Mr. Pearson next updates the case of Private Joseph MacAvoy, whose execution for a particularly brutal murder of a teenaged girl had been delayed for the refusal of the War Production Board to grant authorization for acquisition of materials necessary to fix the electric chair in the State of Nebraska. Nebraska had not conducted an execution in so long that its chair had malfunctioned. The prison officials had located repair materials which they could borrow locally. To repair the chair, however, required its disassembly, fixing, conducting the electrocution, then disassembling it again to return the materials. The State opted to wait. And wait they would until 1945.

We still say that they might have simply borrowed from some old codger a nice long crank and taken care of business by turning their backs. But, we don't actually advocate such actions in reality. It's just a thought.

An industrial traffic consultant for the railroads out of Nashville wrote the paper regarding its November 2 editorial referencing Eleanor Roosevelt's "My Day" column of a few days earlier in which she had complained of the inequities personally witnessed in freight rates charged as between southbound and northbound routes. Her example had been grapefruit she had received from her daughter-in-law in Texas.

The gentleman wrote her a letter asking her to provide him with facts on the precise nature of the freight and its means of transport to substantiate her contentions so that he could investigate.

Apparently, he did not pay very close attention to the editorial in The News or bother to read the "My Day" column itself. We believe the article to have been grapefruit shipped via rail. But that is only our opinion.

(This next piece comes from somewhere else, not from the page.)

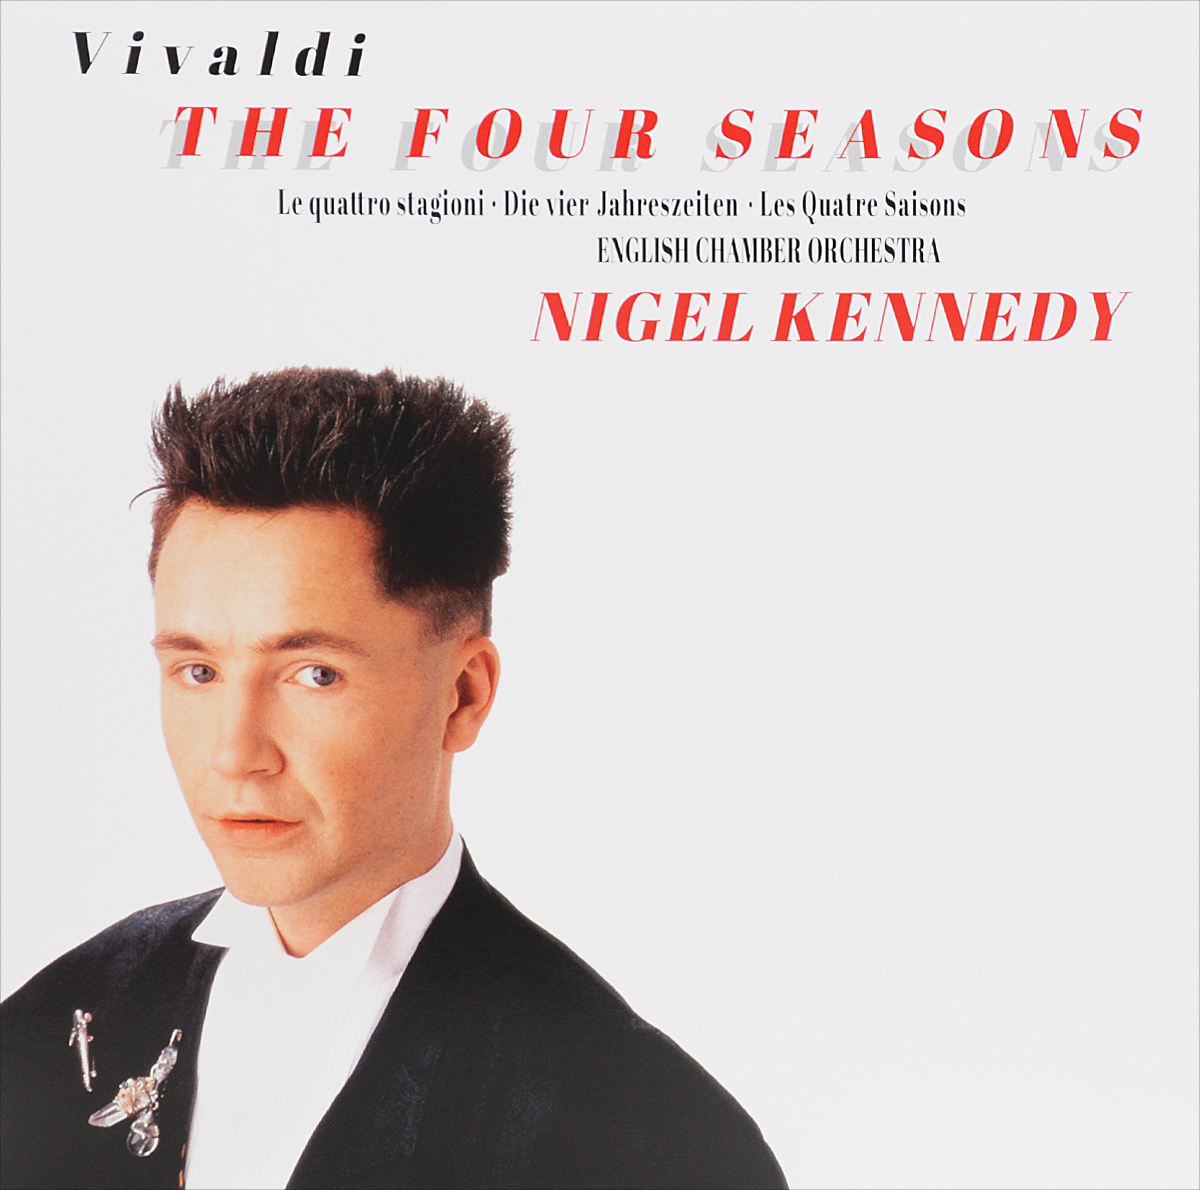 Нейджел Кеннеди,English Chamber Orchestra Nigel Kennedy. Vivaldi. The Four Seasons (LP) wisher vol 1 nigel
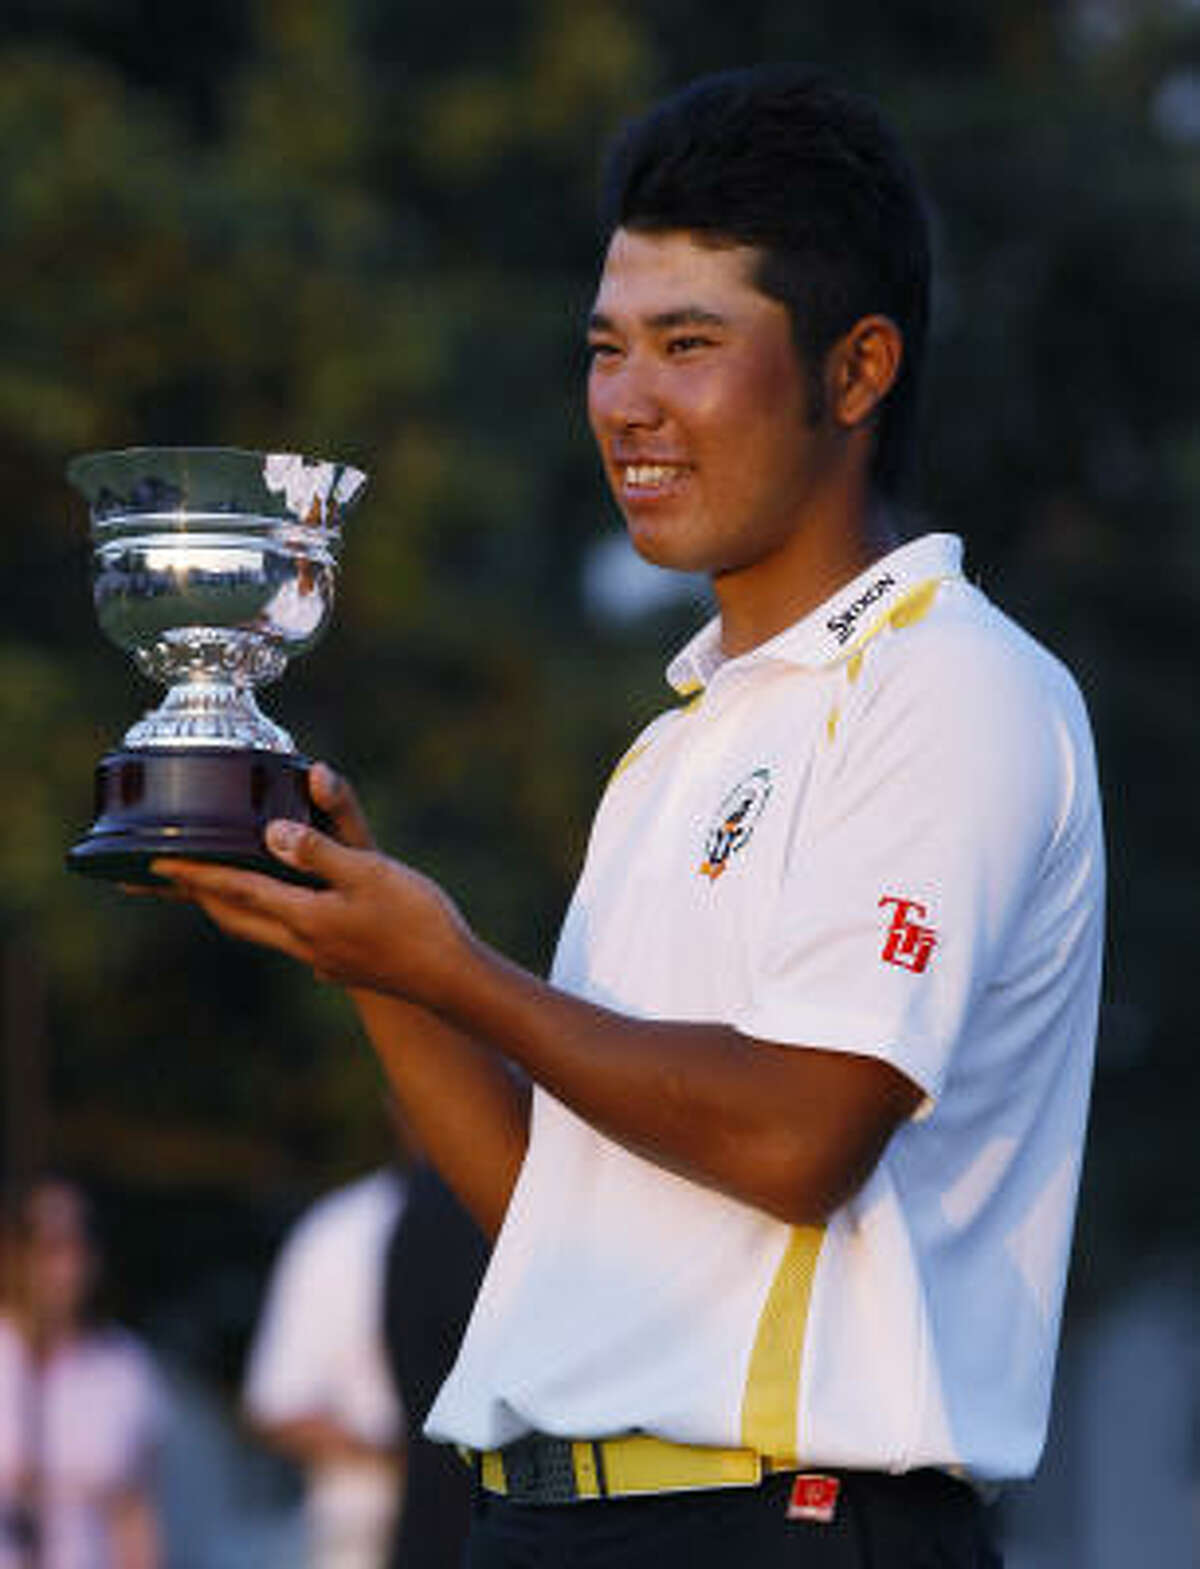 Hideki Matsuyama of Japan holds his amateur championship trophy.

Going under the clever disguise, "C. E. Widdell", he was actually the husband of Comrade Litella.

Perhaps, he needed to know whether the grapefruit was yellow or pink, properly to discern the rate structure.

Raymond Clapper, on his last trip, to cover the Pacific war, provides an account of flying via Army transport from San Francisco to Hawaii, chatting with the crewmen as they flew, the only other passenger being Frank Mason, special assistant to Secretary of the Navy Frank Knox. He tells of the crew's varying rhyming lines of prediction for the end of the war, for instance, "Out of This Fix in Forty-Six", such a line having been provided for each year from 1945 through 1948. Each such line had, says Mr. Clapper, a rhyming alternative fit only for overseas communication. Use your own imagination.

Chief pastime of the men was listening, bemused, to the beckoning velvet of Tokyo Rose when she uttered, "Listen, honey, how do you like those 4-F's back home taking your girl?"

Their answer probably added a fifth "F" to the colloquy--and also rhymed.

Anyway, regardless of your stand on the Hottentots, bear in mind this bit of sound advice.

Twelfth Day of Christmas: Twelve Jumblies Mumbling.

First Day: And a cartridge in O'Hare's lee.